◆ Problem details: Wherever a picture appears in the listing, leave it out, and copy the rest exactly.

◆ Source data:
------------------------------

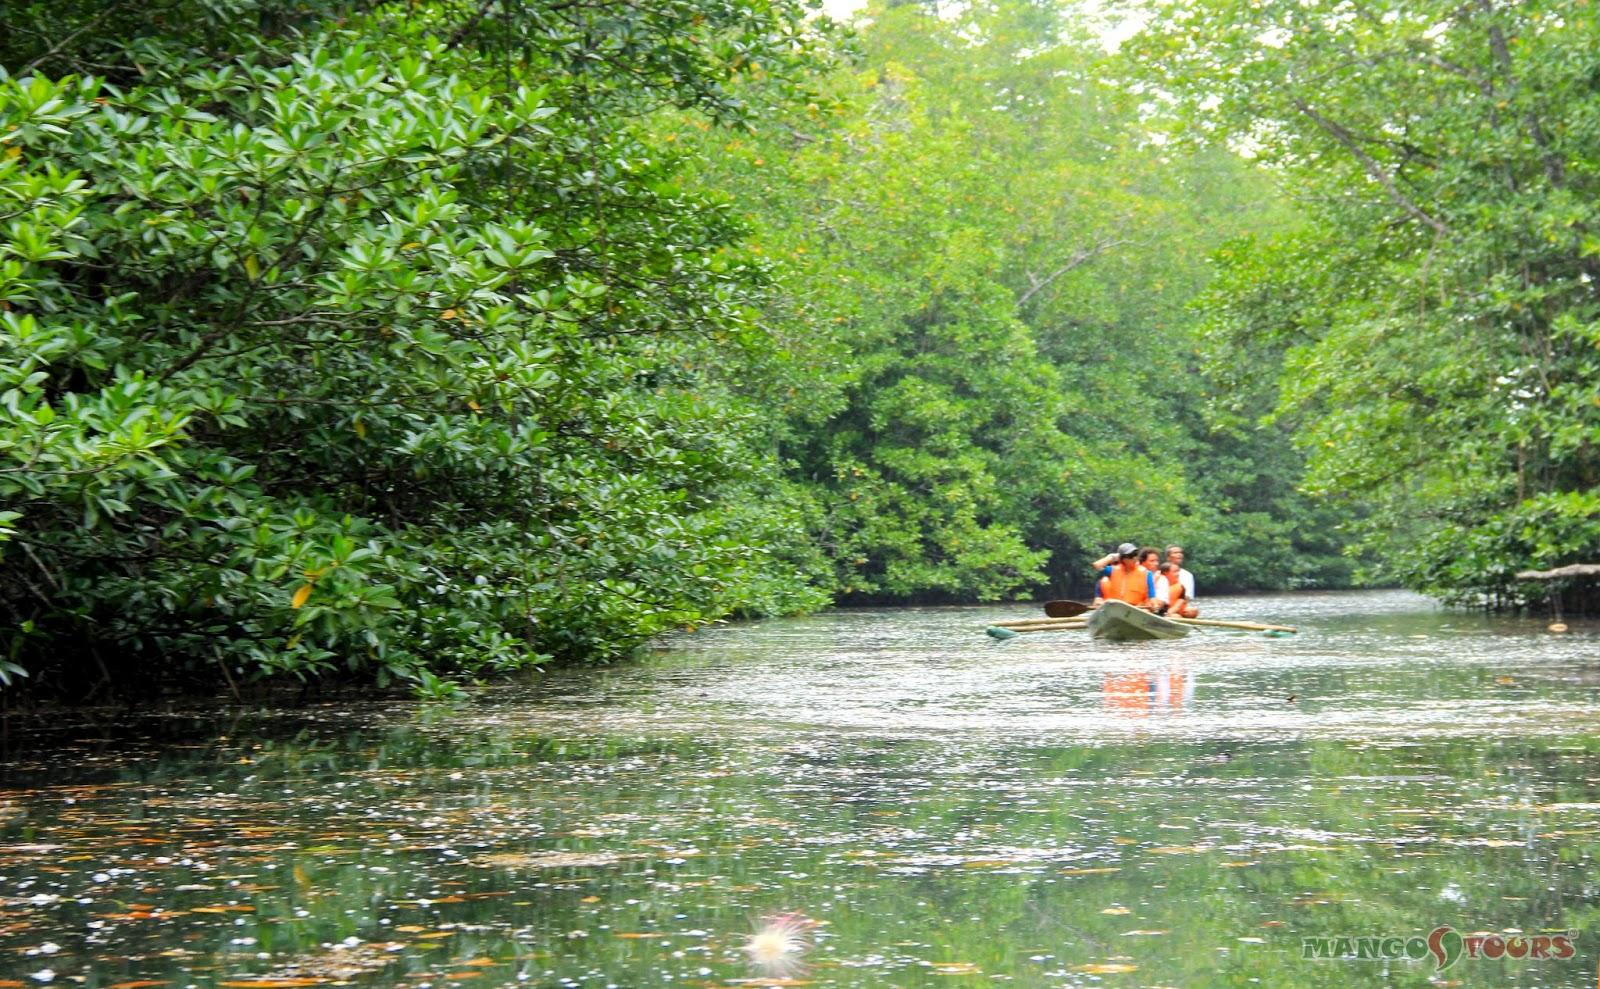 Mango Tours Puerto Princesa Palawan Mangrove Paddle Boat Tour
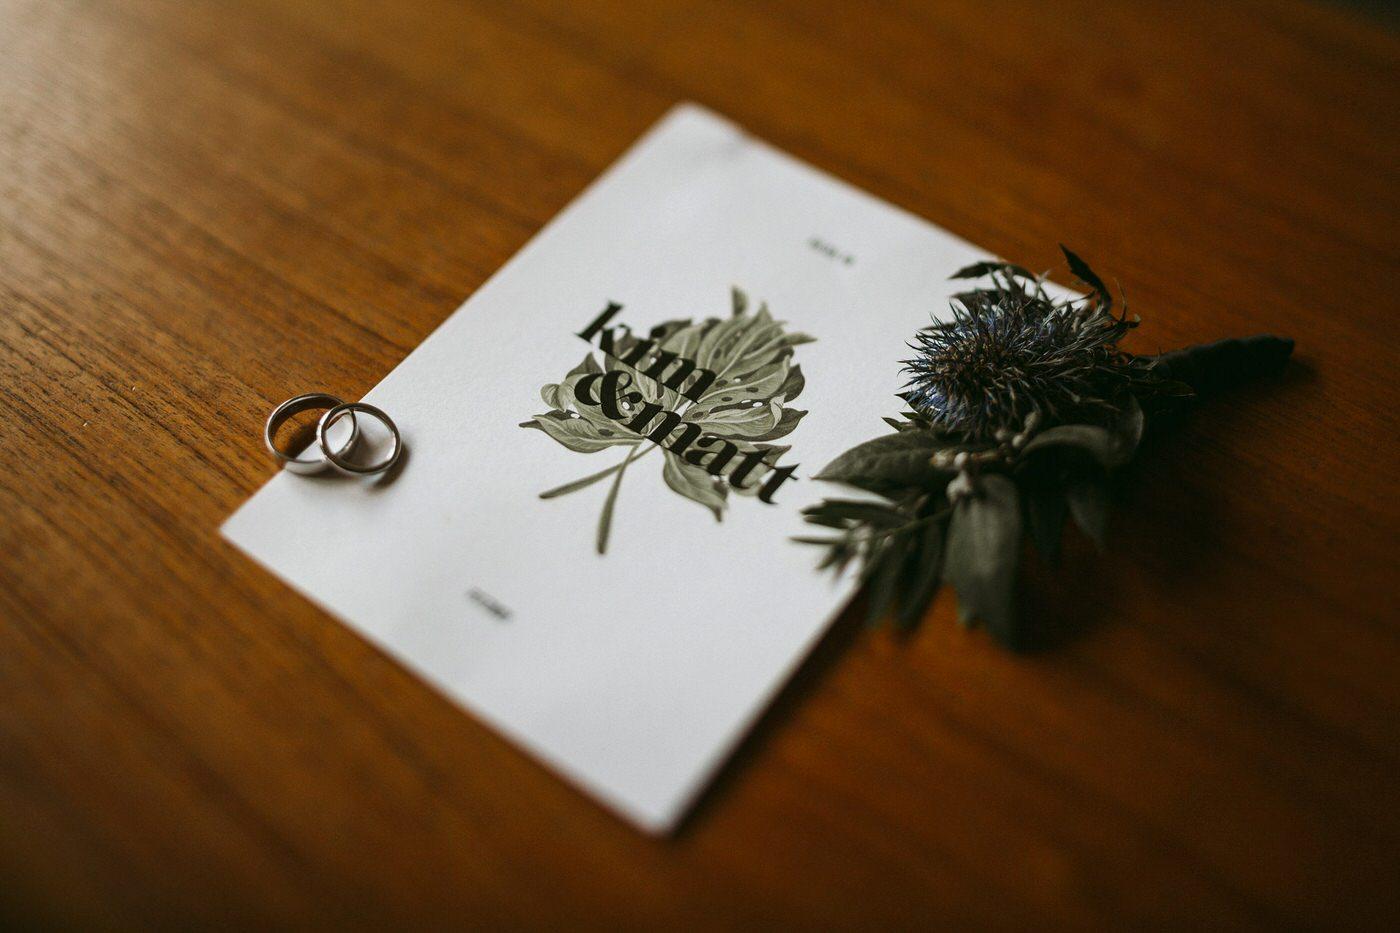 GoldandGrit_KimMatt_Panama-Dining-Room-Fitzroy-Collingwood-Relaxed-Fun-Candid-Wedding-Photography_4.jpg
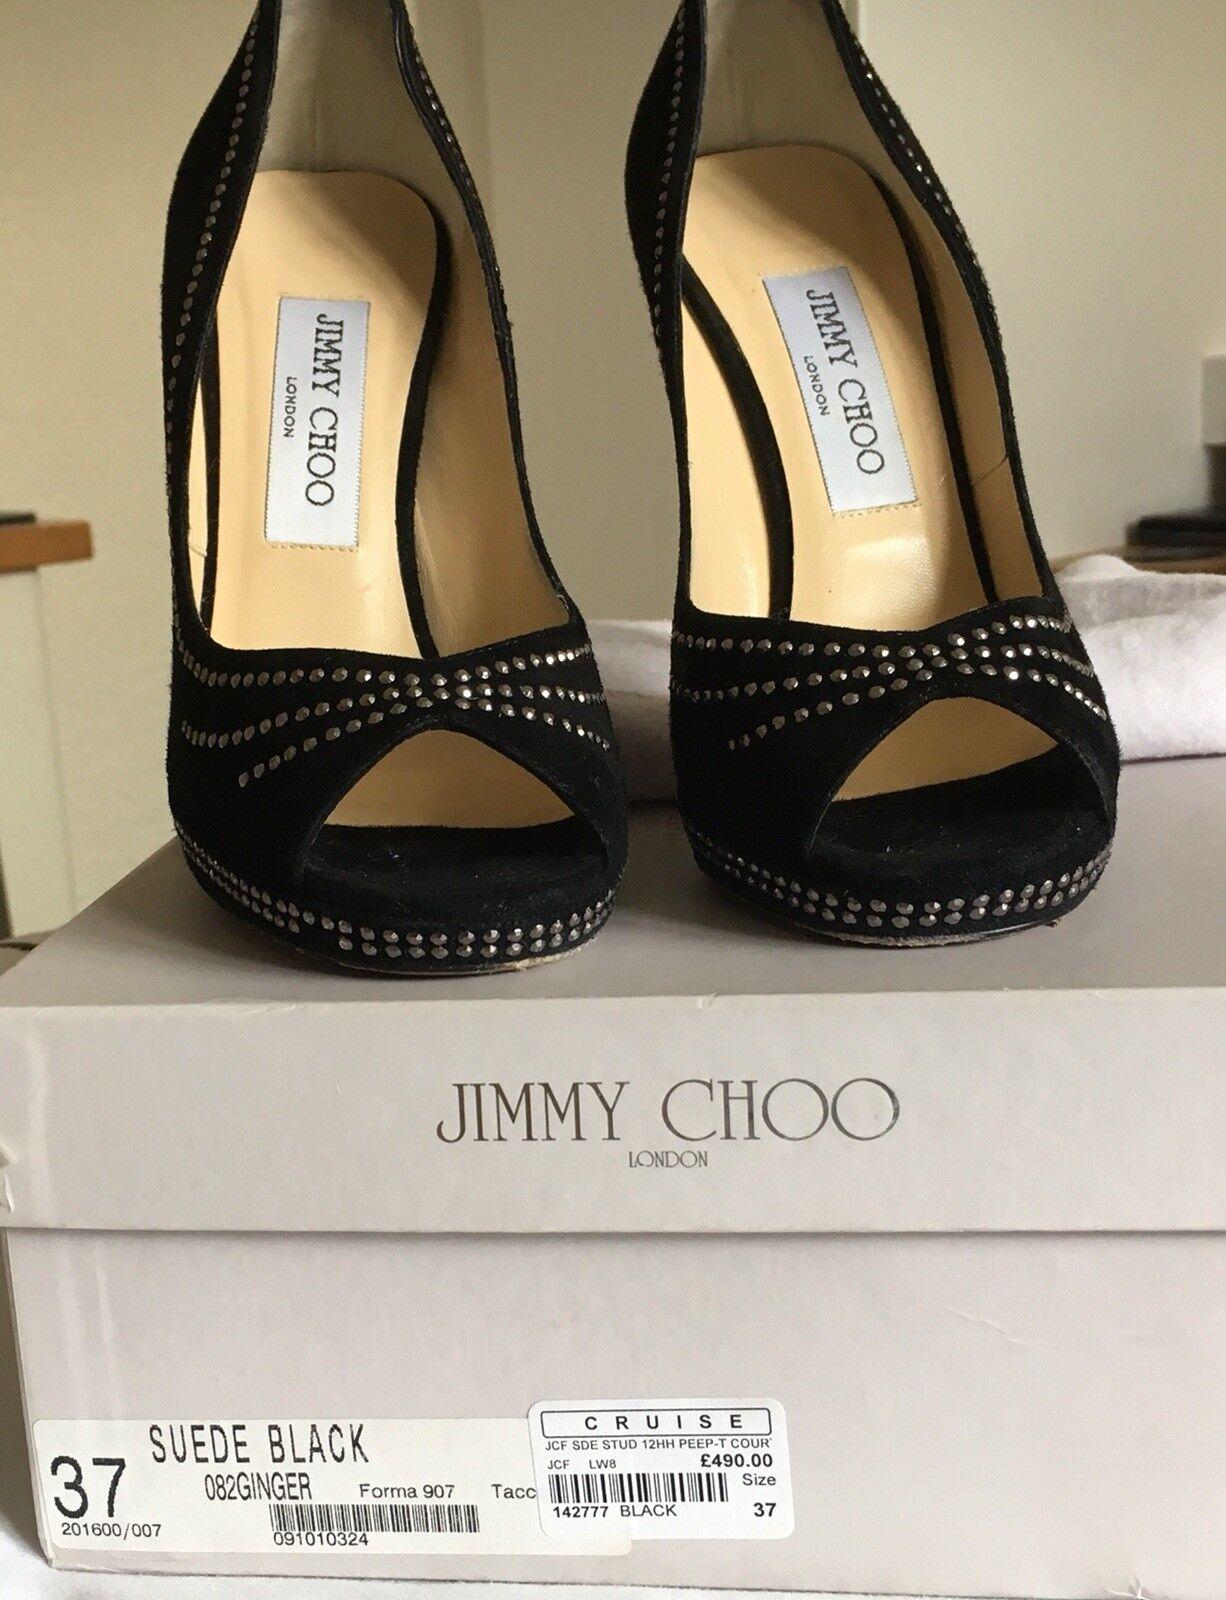 Jimmy Choo Schuhes Größe 37 37 Größe f6ac33

------------------------------

◆ Solution to this exercise:
 Mango Tours Puerto Princesa Palawan Mangrove Paddle Boat Tour
 GoldandGrit_KimMatt_Panama-Dining-Room-Fitzroy-Collingwood-Relaxed-Fun-Candid-Wedding-Photography_4.jpg
 Jimmy Choo Schuhes Größe 37 37 Größe f6ac33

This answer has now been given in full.